Work required:
Word for word, the data below must be repeated in full; no picture is to be included.
(Raw data begins)
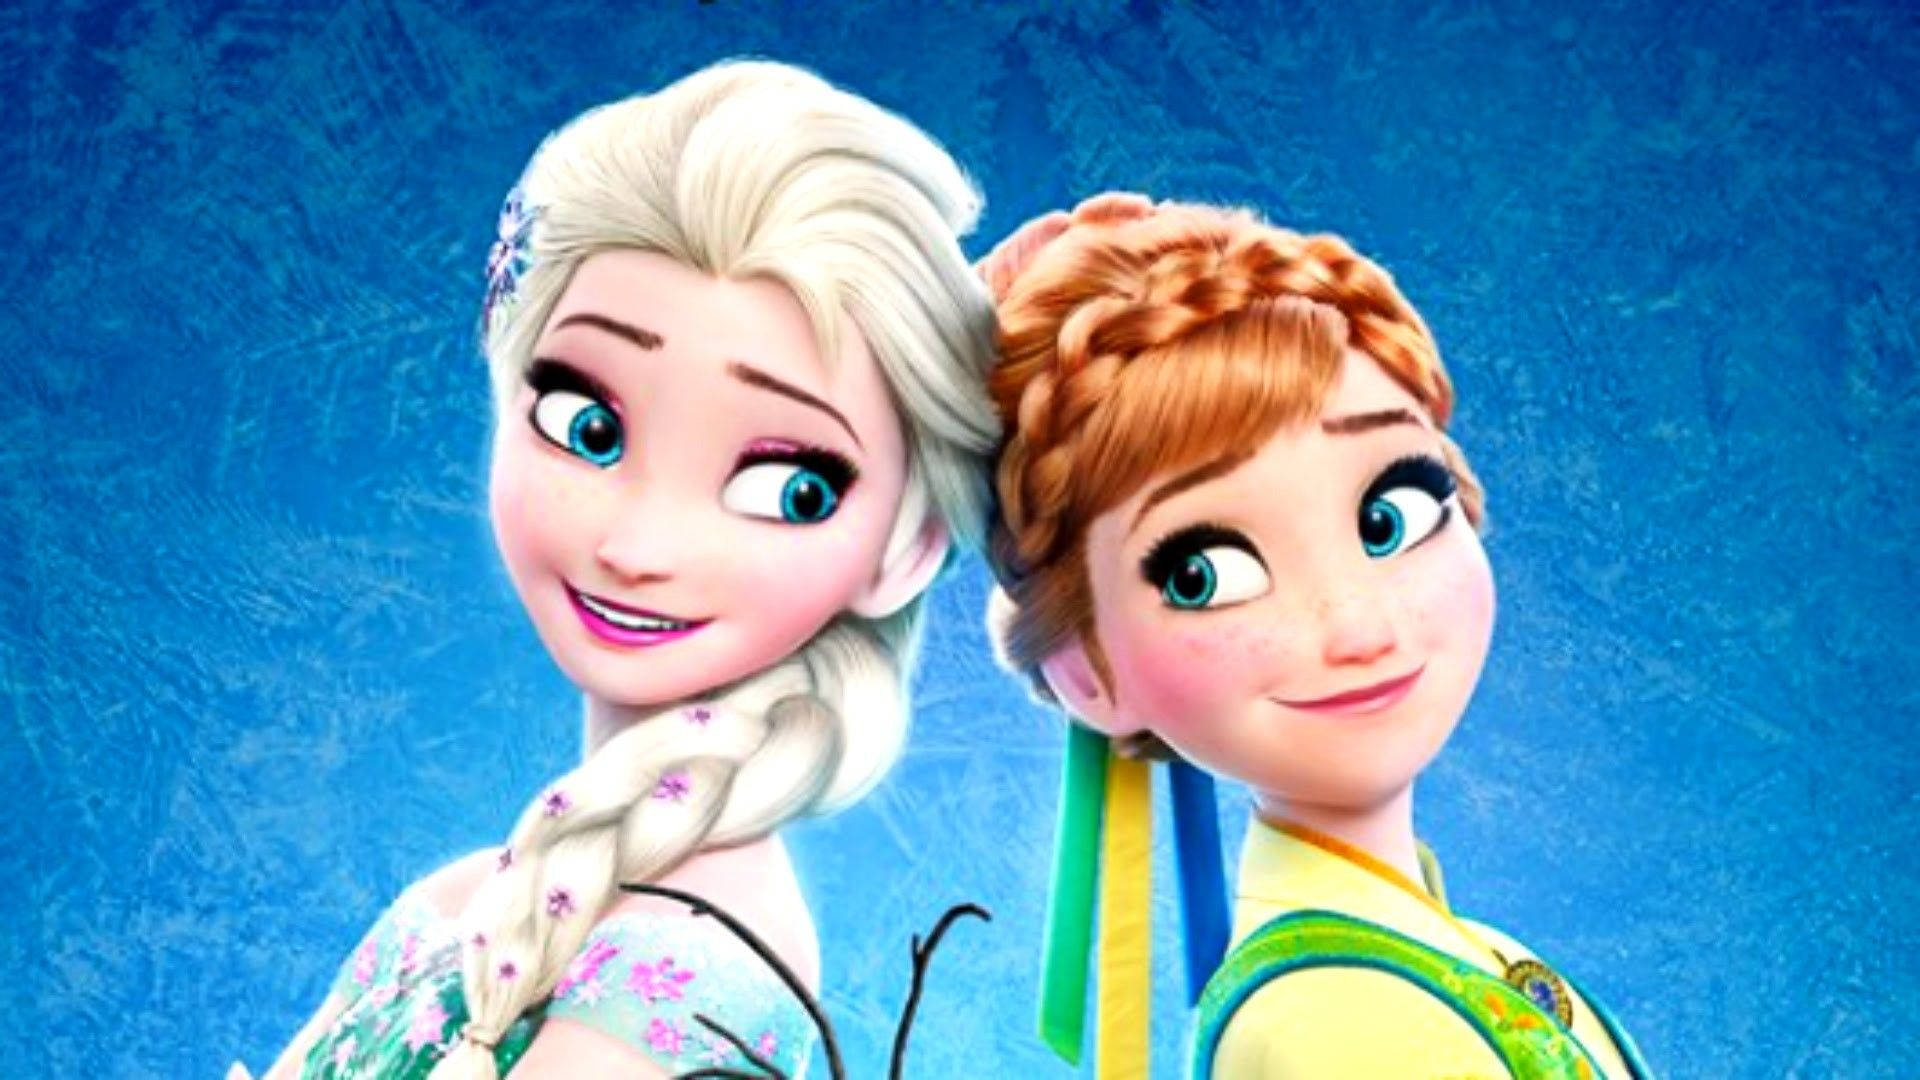 Elsa and Anna Join Forces in Disney’s Frozen 2 Wallpaper
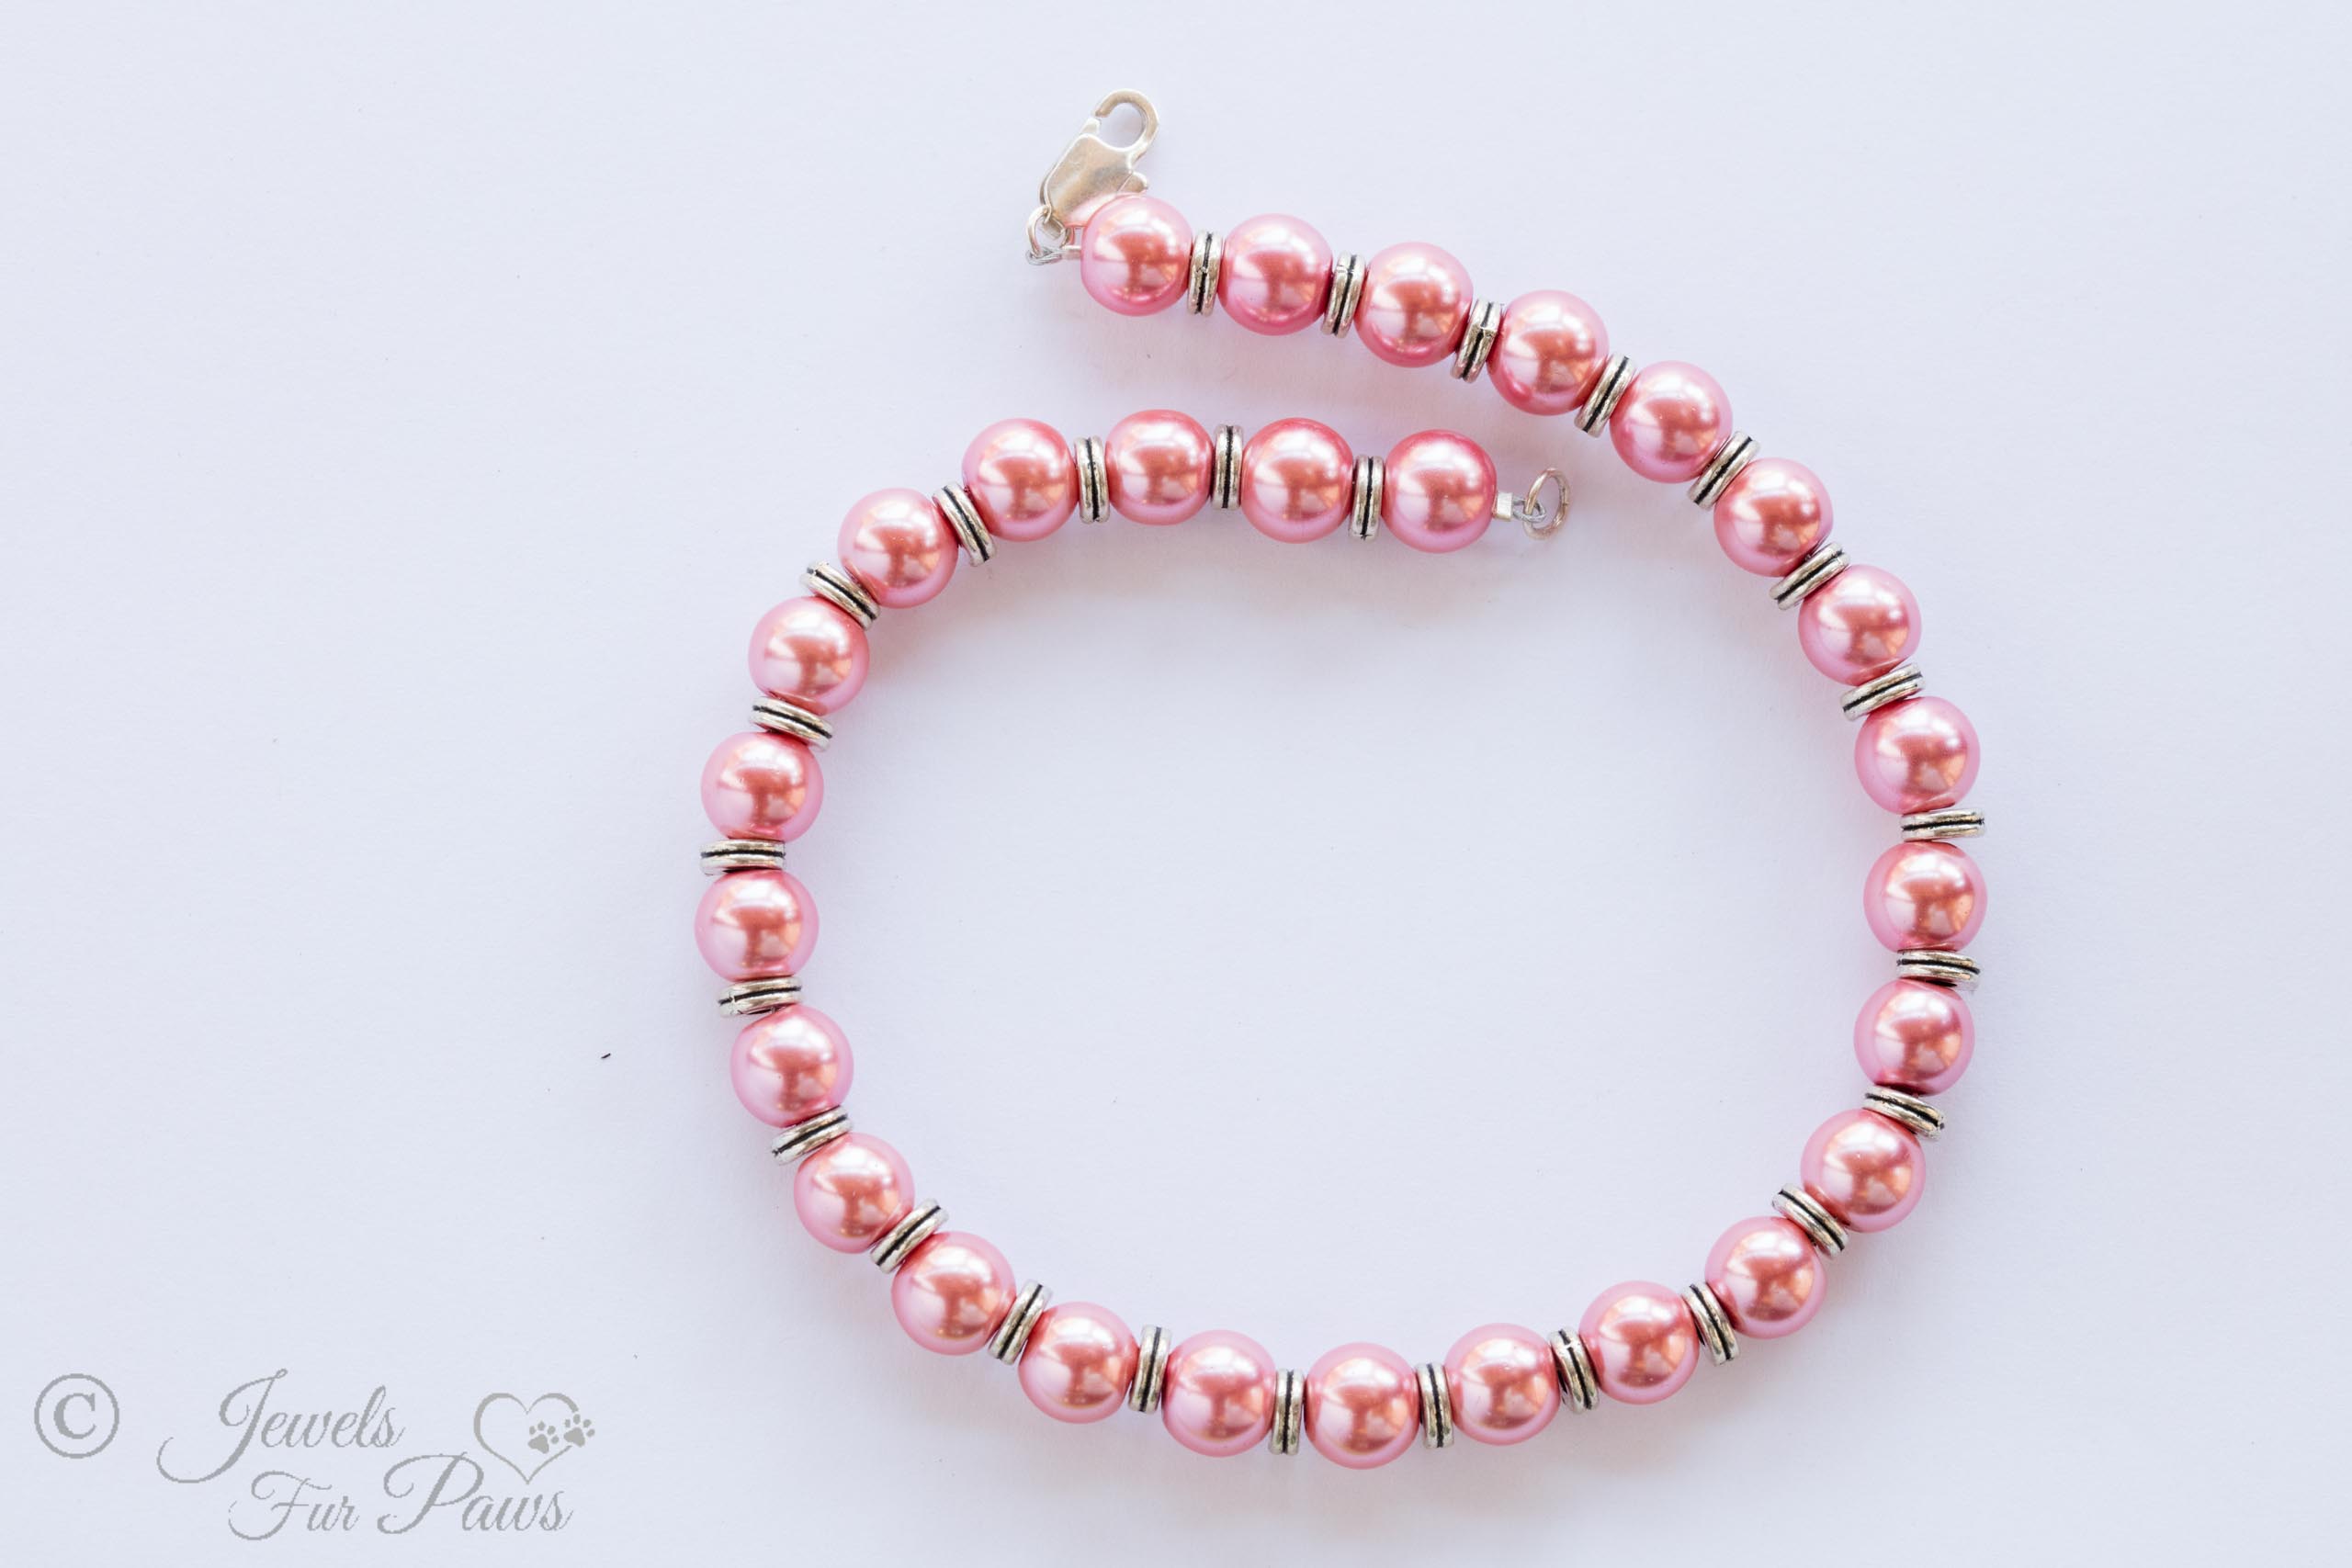 dog cat pet necklace pink pearls with round disc silver spacers on white background
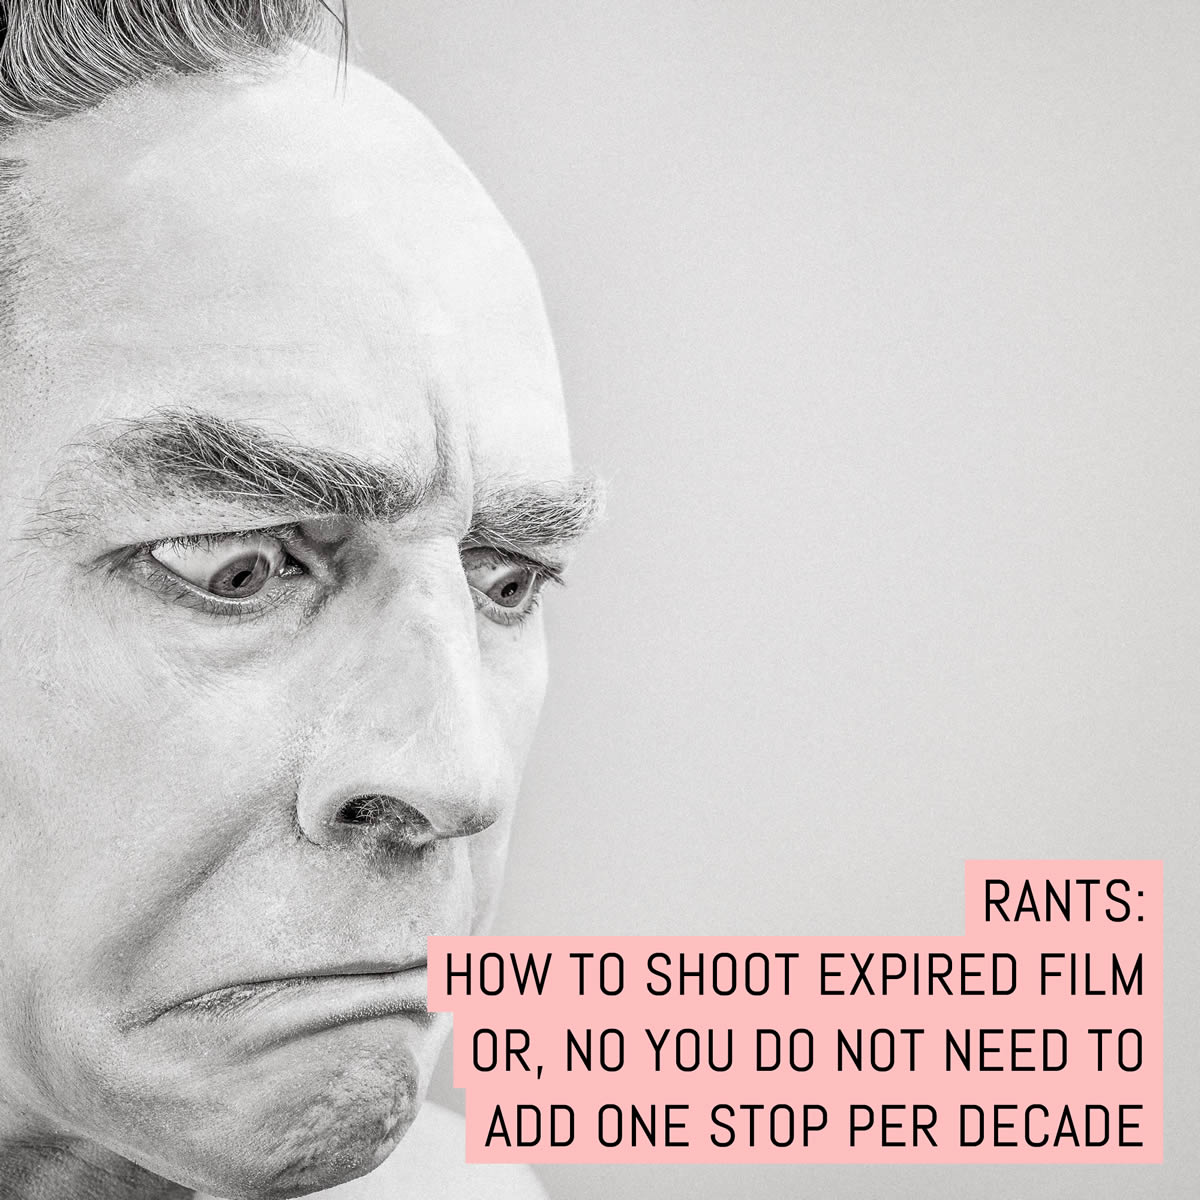 Rants: How to shoot expired film or, no you do not need to add one stop per decade
(Raw data ends)
Answer space:
 Elsa and Anna Join Forces in Disney’s Frozen 2 Wallpaper
 dog cat pet necklace pink pearls with round disc silver spacers on white background
 Rants: How to shoot expired film or, no you do not need to add one stop per decade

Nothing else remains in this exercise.